Thursday, January 25, 2007

Big, Empty Boxes = Church Planting Opportunities

Today's Enquirer gives extensive coverage to the large number of large retail properties currently vacant in Our Fair City and its Fair Suburbs. Big-box retailers, it seems, keep getting bigger, leaving not-quite-as-big spaces behind.

Municipalities struggle to get those properties reoccupied. But we wonder whether they're looking in the wrong direction. What the big boxes may best accommodate is not more retail but more not-for-profit. Specifically, these sites are ripe for churches.

To grow in most of American culture, churches need lots of space and lots of parking. That's what the big, empty boxes provide. And it's been done successfully, as Cincinnati's current "hot" church, Crossroads Community, has amply demonstrated.

We challenge gentle readers to go into all the city and sign leases to make disciples.

8 comments:

Anonymous said...

Yes, just what America needs . . . more ecclesiastical wal-marts indistinguishable from neighboring strip malls. I'm sure these new churches would pander to the consumer and engage in incessant emergent church, post-modernist psycho-babble.
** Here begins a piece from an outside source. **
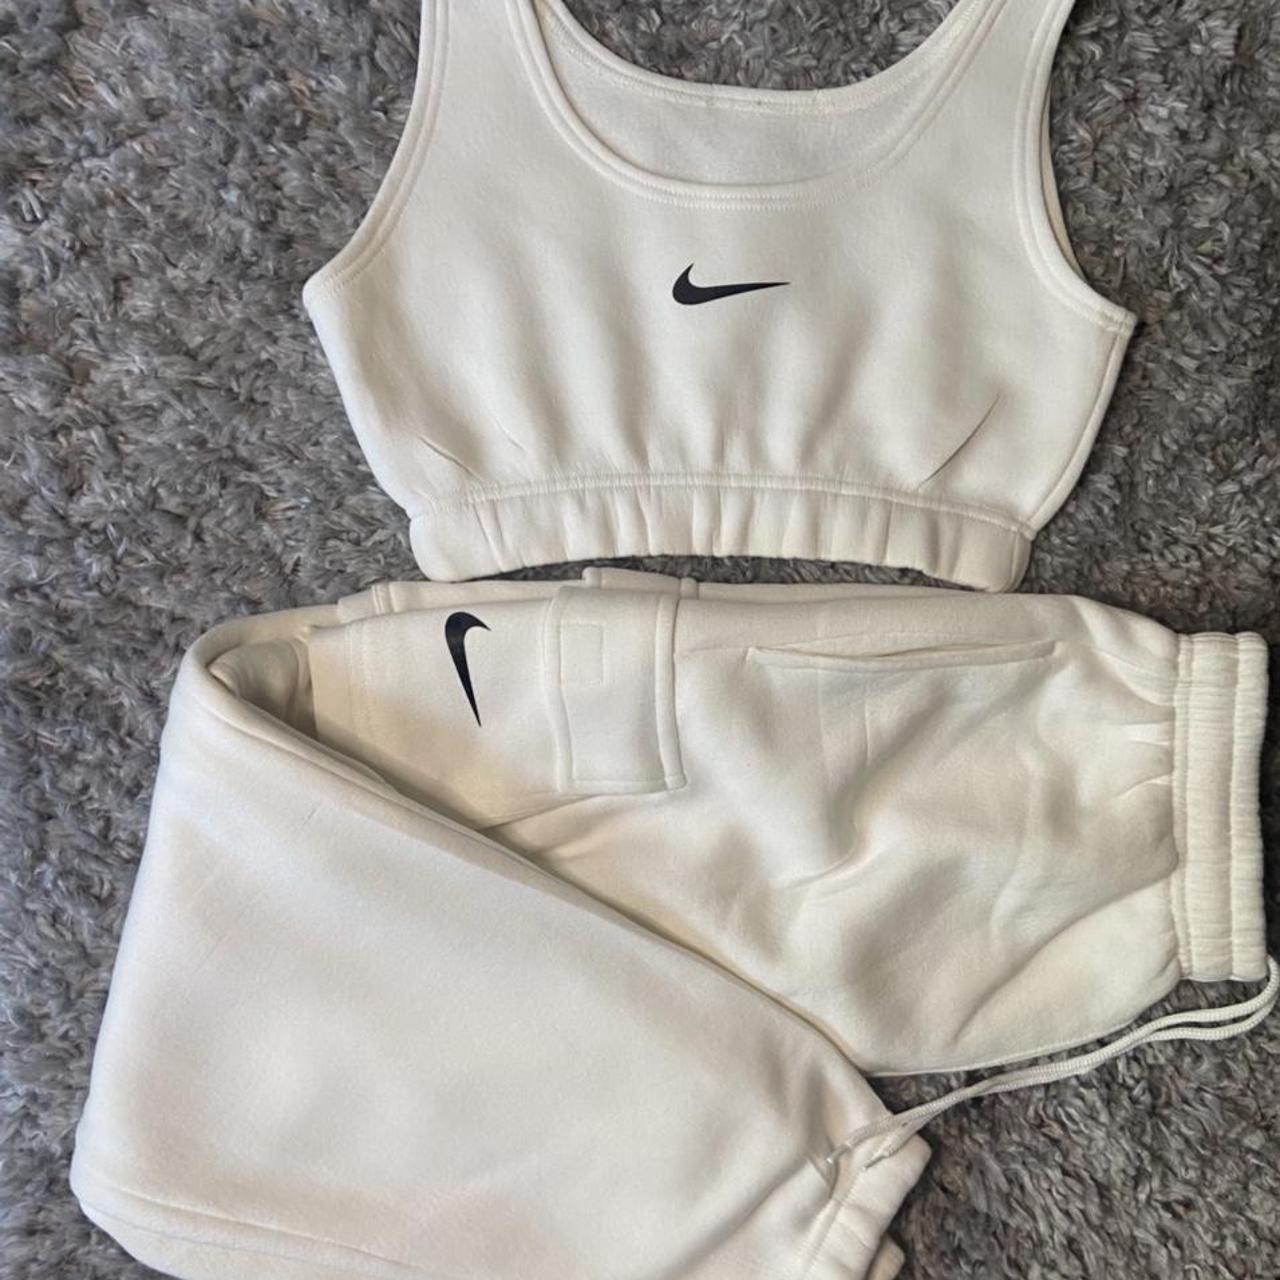 Nike set| Nike lounge set|women’s Nike track suit|... - Depop

No thanks . . . I'll stick with sacred architecture, liturgy, and sacrament.

Anonymous said...

uh.. jamie smith? er, no! dr. north! hmm.. wait a minute... danny j. dyke!

i give up - who was it?

Anonymous said...

I agree with SWNID. These properties are inherently visible to the community (L,L,L), they are cheaper than new development (reduce, reuse, recycle), and they already have the necessary traffic signals, turn lanes, water mains and fire hydrants.

Two other examples in Cincinnati are Eastside Christian (abandoned movie theater) and Greater Bethlehem Temple Apostolic Church (vacant strip mall).

Anonymous said...

Sacred liturgy, yes. Sacred sacrament, yes. But we have this treasure in earthen vessels. The urgency of the gospel is such that we can't stop evangelism to build a Gothic cathedral.

Anonymous, I would no more want to impute "psycho-babble" to a church meeting in a strip mall than I would want to impute "dry, empty ritual" to a church that meets in "sacred architecture."

I thought readers of this blog were past such stereotypes. But I guess that was a stereotype.

Anonymous said...

Jim Shoes,

If the churches that meet in these types of churches maintains a sense of reverence for God than I am all for them.

Unfortunately, those that recieve the most publicity don't. On recent talk show on a christian radio station the guest gave a fairly accurate assesment of one such church(Willow Creek). He discribed the building as an auditorium with little, or nothing, to indicate that it was a church. The service consisted of a pop concert/broadway musical and a professional speaker.

These types of churches stress attendance numbers more than spiritual growth and feature "celebreties" rather than ministers -- Joel Osteen and Rick Warren for example.

Anonymous said...

KevinK, have you been to Willow Creek or Saddleback? Do you understand their ministry philosophy (both are distinct)? Do you know the number of people whose lives have been changed by each church's ministry?

Willow and Saddleback bashing is a popular sport, but generally doesn't really deal with the reality of those churches or many others.

No church is perfect, but generalizations based on architectural style are outrageously uninformed.

Anonymous said...

KevinK,

Neither should Rick Warren be compared to Joel Osteen. They are complete opposites. Rick Warren may not be perfect, but he preaches the gospel of Jesus. Joel Osteen seems to preach the gospel of Joel Osteen. You should read the "Time" magazine article comparing the health and wealth gospels with those diametrically opposed to health and wealth. If you did, you would never believe they had similar ministries.

Anonymous said...

Why is it that most of us would be ok with another retailer occupying vacant space in a strip mall, but seem to have an inherently negative reaction to a church locating there? Are we wanting to win the world for Wal-Mart or Christ?
And, isn't "the church" distinct and separate from a building? The church is the church whether it meets in an abandoned Wal-Mart, under a viaduct by the interstate, in lovely suburbia, or in a Gothic cathedral.